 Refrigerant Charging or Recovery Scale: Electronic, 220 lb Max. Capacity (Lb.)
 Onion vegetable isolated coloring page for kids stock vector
-*-
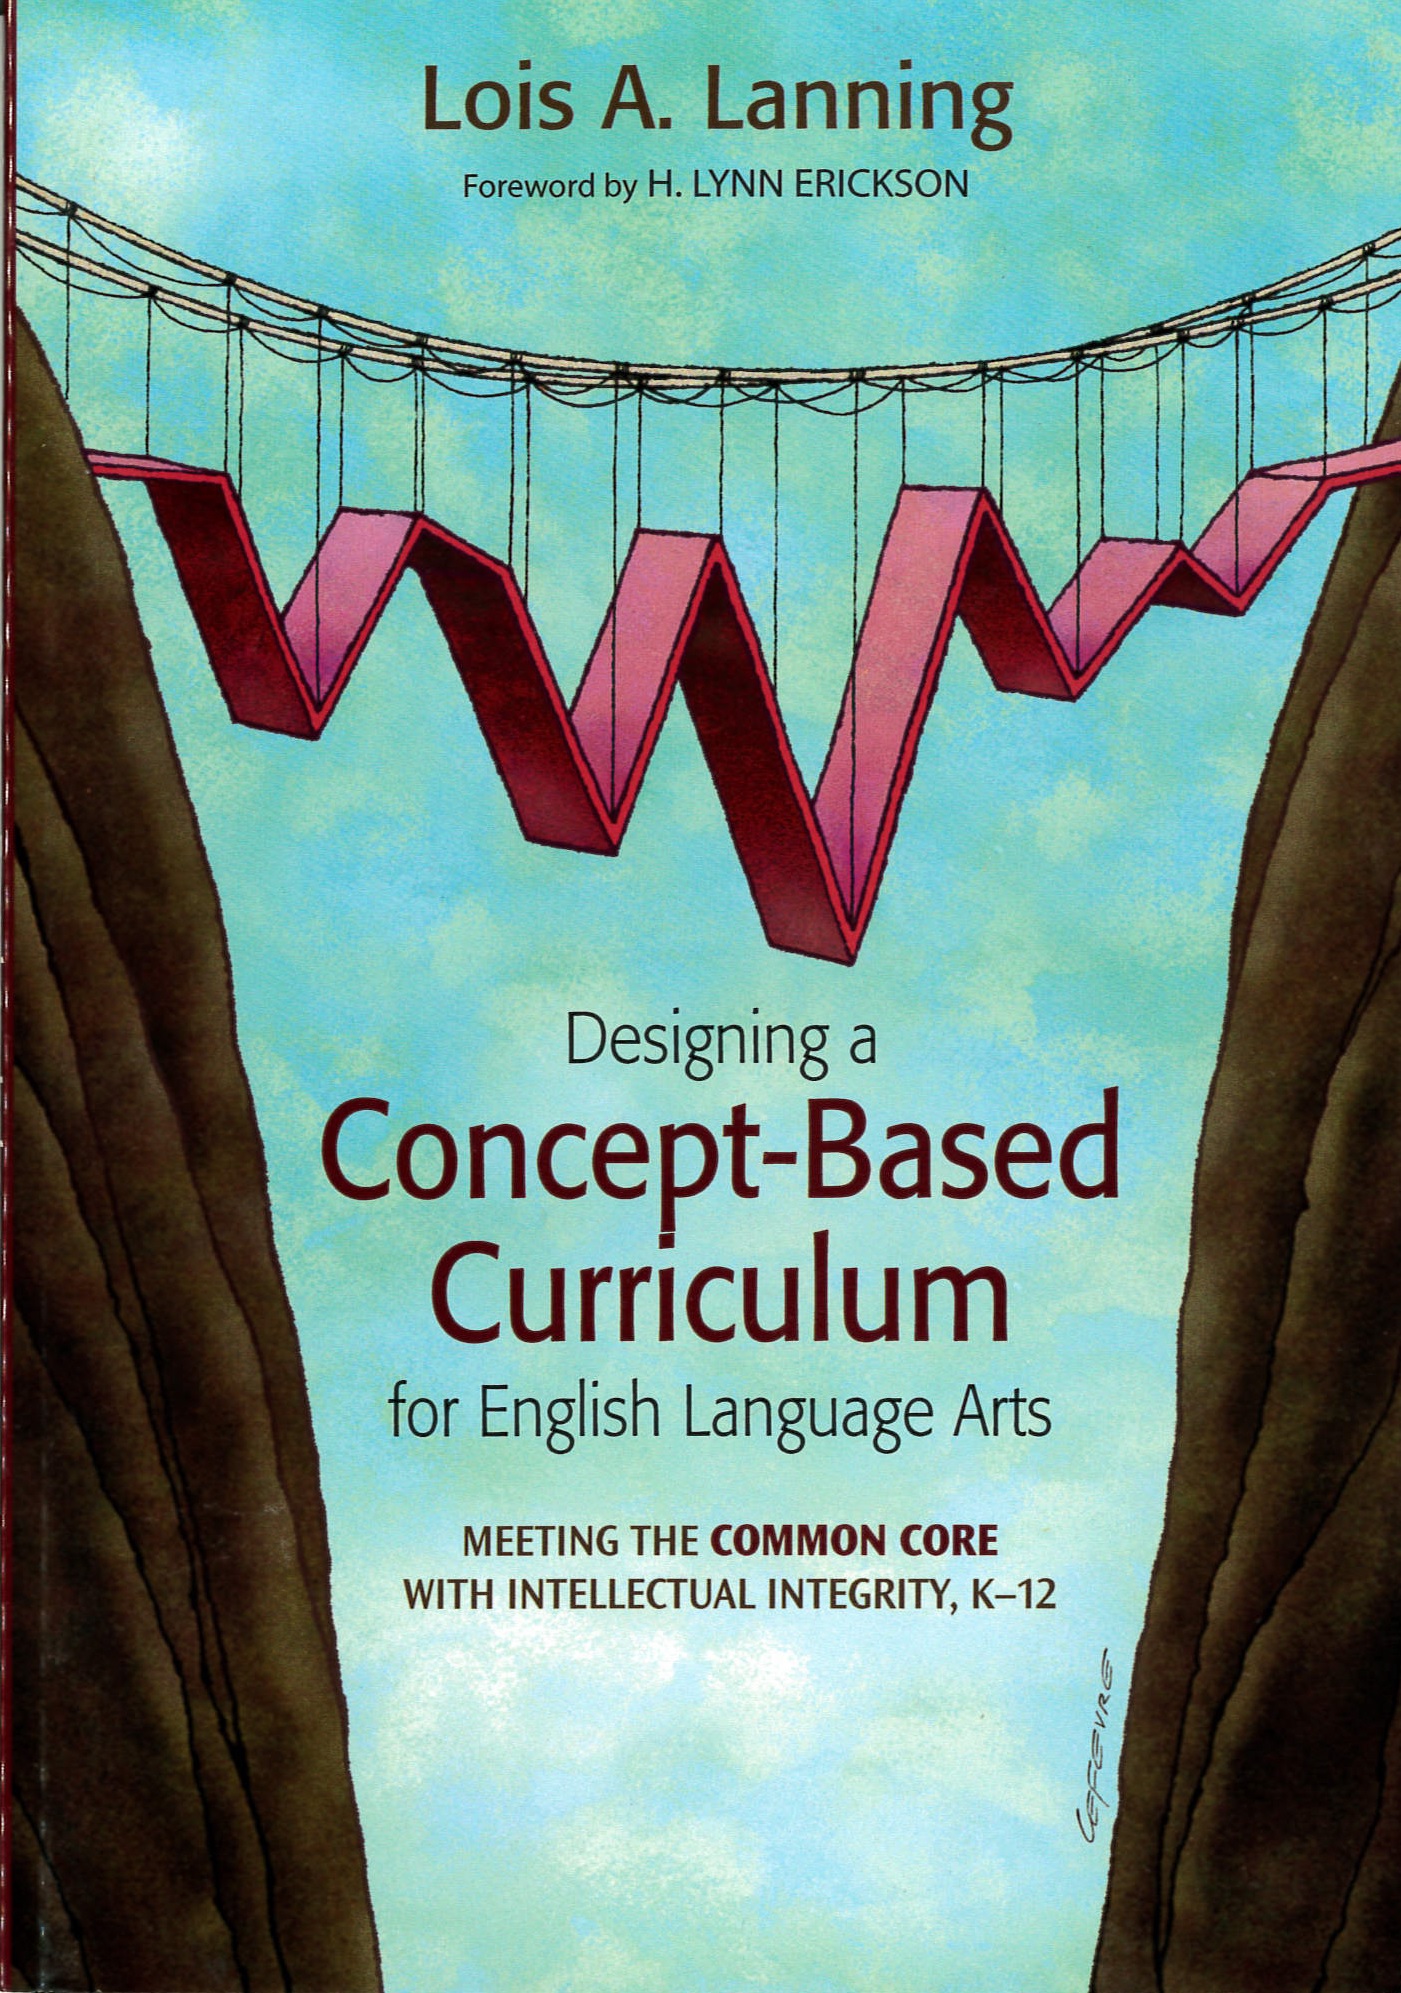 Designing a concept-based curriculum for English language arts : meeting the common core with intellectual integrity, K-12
-*-
• _What you will do_:
After locating the line with "Refrigerant Charging or" above, return that line and every later line through the one with "Onion vegetable isolated", word for word and with nothing else.

• _Response area_:
 Refrigerant Charging or Recovery Scale: Electronic, 220 lb Max. Capacity (Lb.)
 Onion vegetable isolated coloring page for kids stock vector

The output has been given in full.